Philomène - (Pause) Et donc, à ton avis, comment est-ce que le recruteur perçoit
le candidat ? Si tu devais te mettre à la place du recruteur…
Juliette - Alors je pense que c’est… Enfin voilà, le recruteur c’est un être humain,
je pense que voilà, déjà en voyant le CV, on va apprendre des choses : la photo, les
expériences, tu pars avec quand même un idées, avec aussi les réseaux sociaux, par
exemple aller sur la page Facebook, ça c’est des choses facilement… Sur Facebook,
aller voir des photos, les centres d’intérêt, donc le RH quand même il peut se faire une
idée beaucoup plus globale que professionnelle, sur le candidat. Et du coup il va plus
rentrer dans des considérations personnelles que professionnelles, à se dire « ah mais il
aime ça, ah mais en fait c’est un « beauf » entre guillemets ». Parce que ça c’est des
choses que j’ai pu entendre en fait, les stagiaires qui étaient avec moi justement en RH
et qui disaient « ah non mais lui du coup on a vu son CV qui était très bien, on est allés
voir sur Facebook, on s’est rendus compte que c’était un beauf », voilà je reprends les
termes. Et du coup ça allait pas du tout aller avec l’entreprise, on avait trop peur que,
par rapport à l’équipe où il devait être intégré, ça passe pas du tout.

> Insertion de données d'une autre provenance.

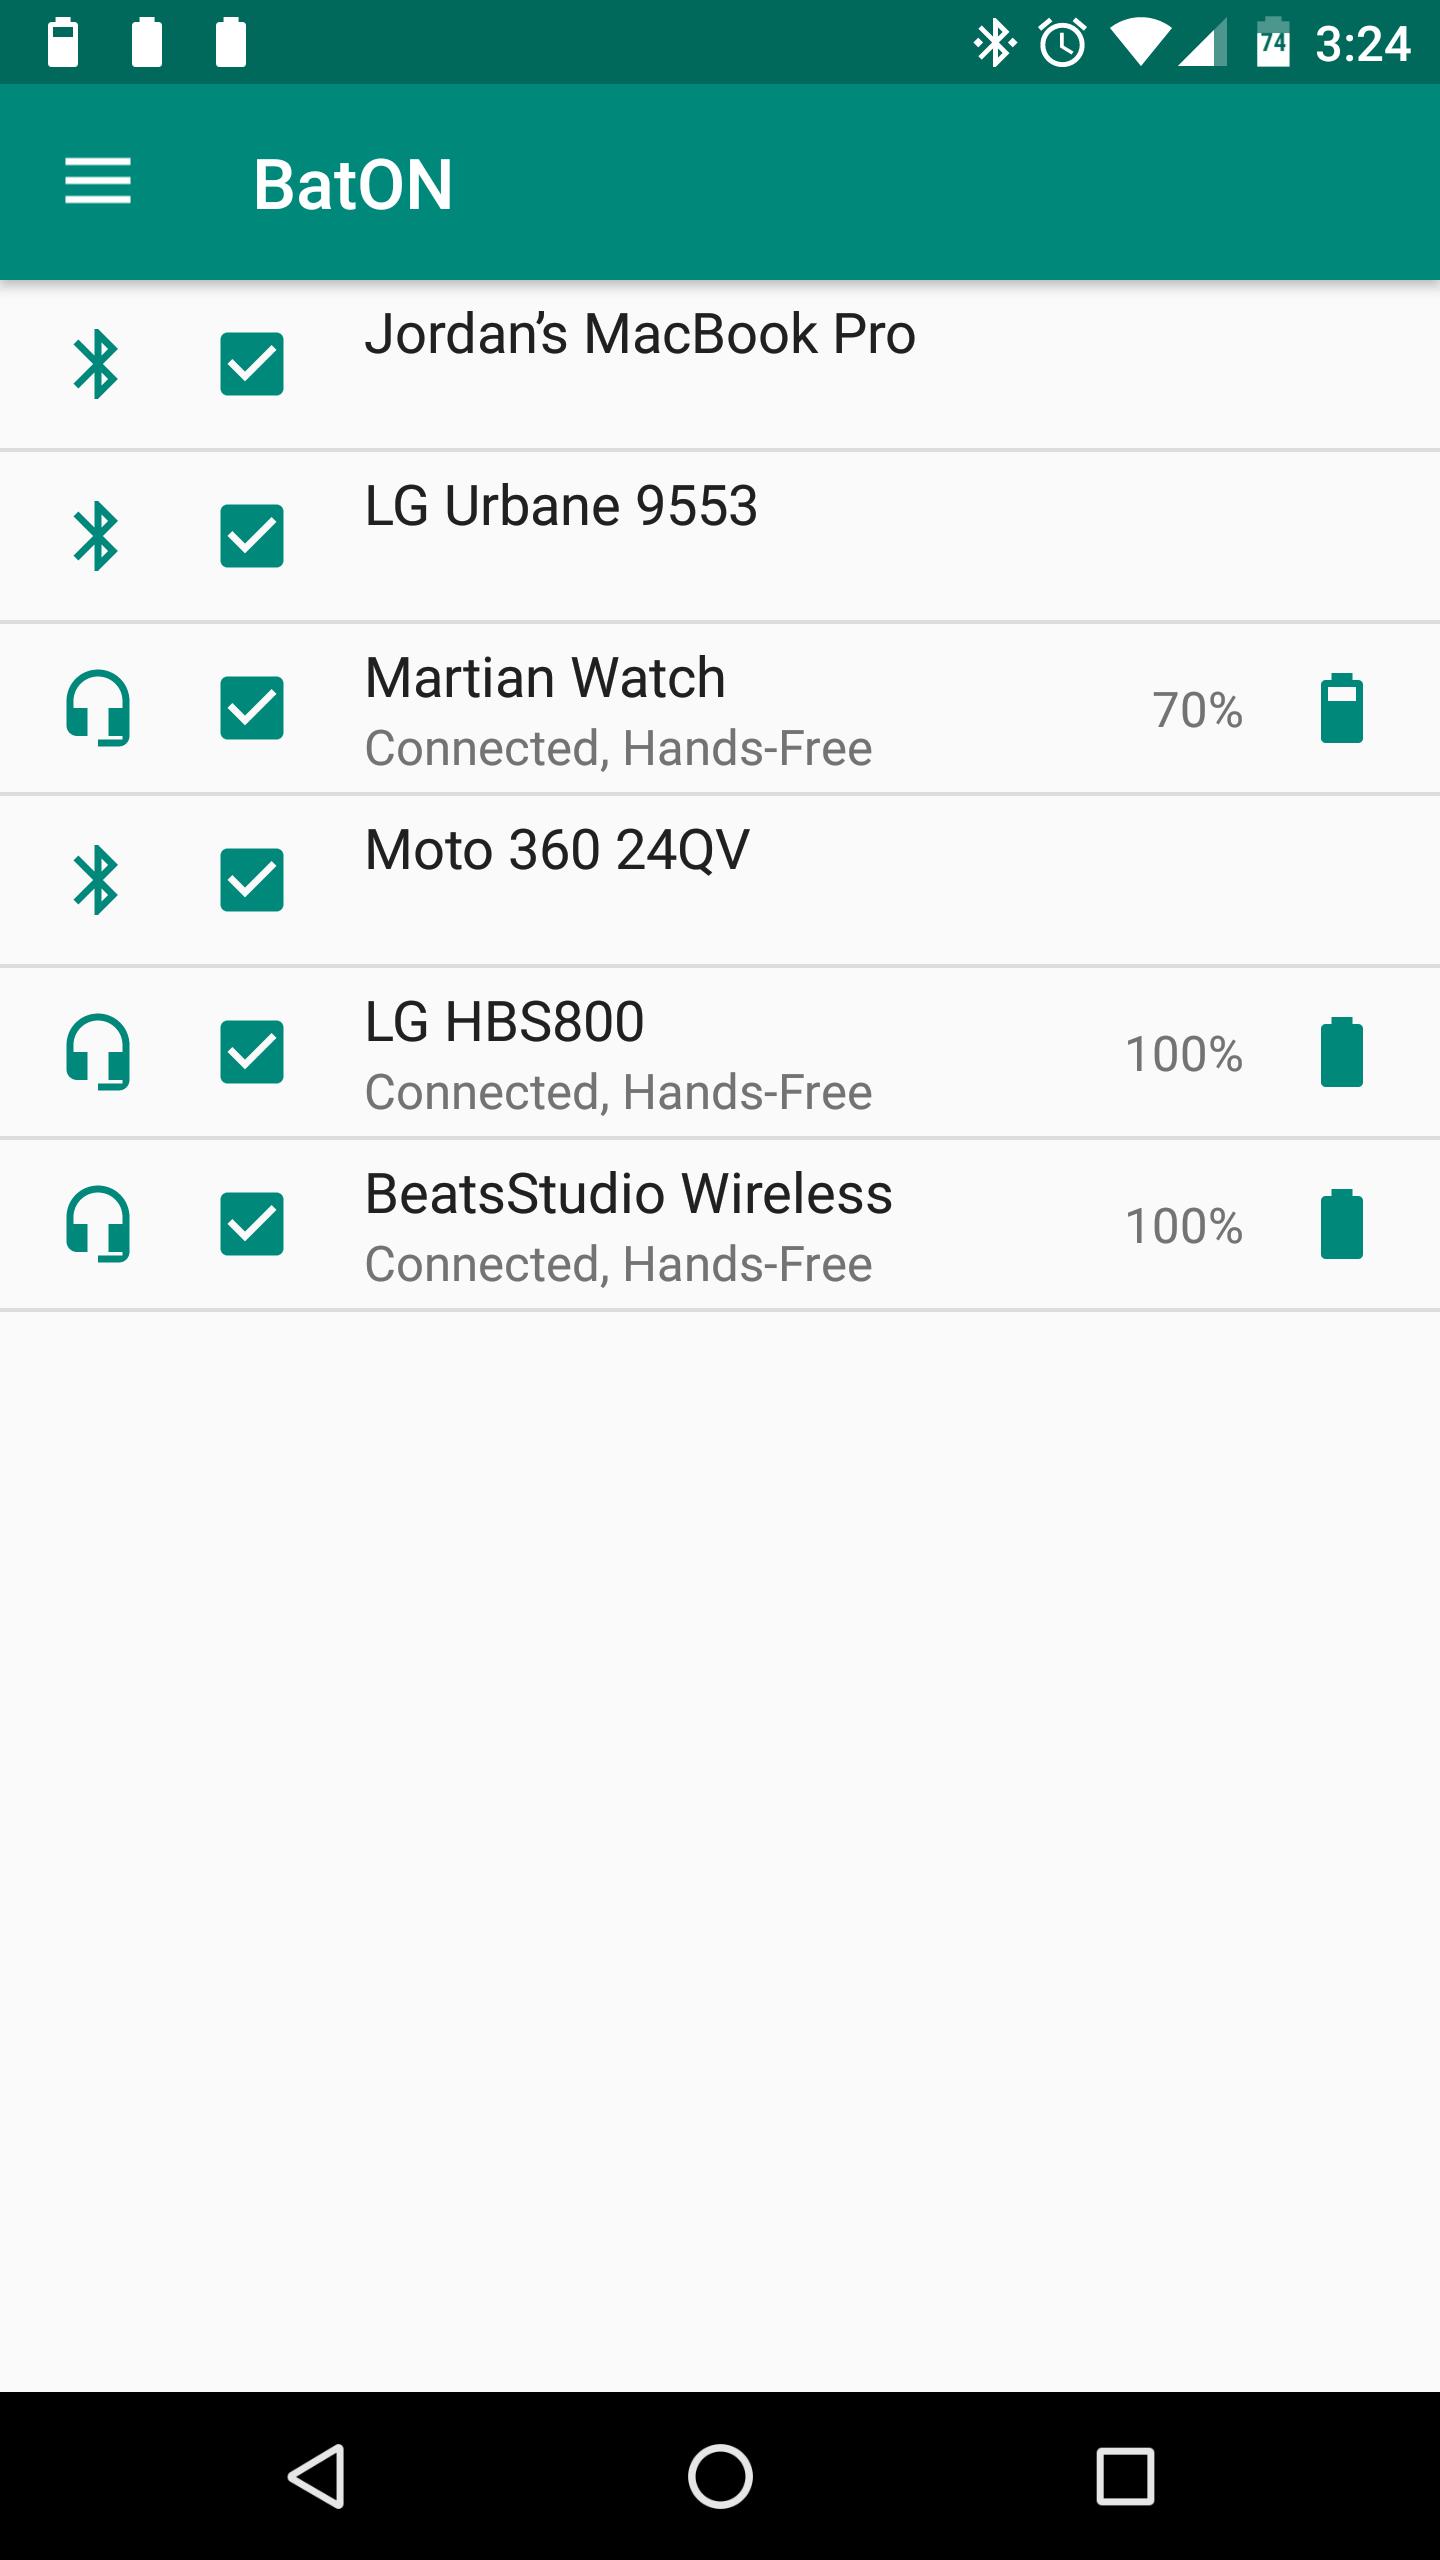 تطبيق BatON يعرض لك مستوى البطارية للأجهزة المتصلة بتقنية البلوتوث

Philomène - Ça peut permettre d’évaluer la personnalité, les valeurs aussi…
Juliette - Voilà, je pense que c’est même mieux qu’un entretien voilà de
personnalité, c’est pas vos qualités et vos défauts, des questions qu’on voit et qu’on
revoit. Là s’il passe directement bah les gens sur les réseaux sociaux, une page
Facebook, une photo, voilà, euh, un peu particulière, on sait rapidement les centres
d’intérêt, les groupes… Tout est indiqué et je pense qu’on sait toujours plus de la
personne comme ça que… par la procédure classique.
Philomène - C’est un autre cadre en fait. On n’est pas les mêmes personnes en
entretien que sur Facebook.
Juliette - Oui, voilà. Certainement pas…
Philomène - C’est un peu à double-tranchant, parce qu’on va pas non plus être la
personne sur les réseaux sociaux que dans la vie professionnelle…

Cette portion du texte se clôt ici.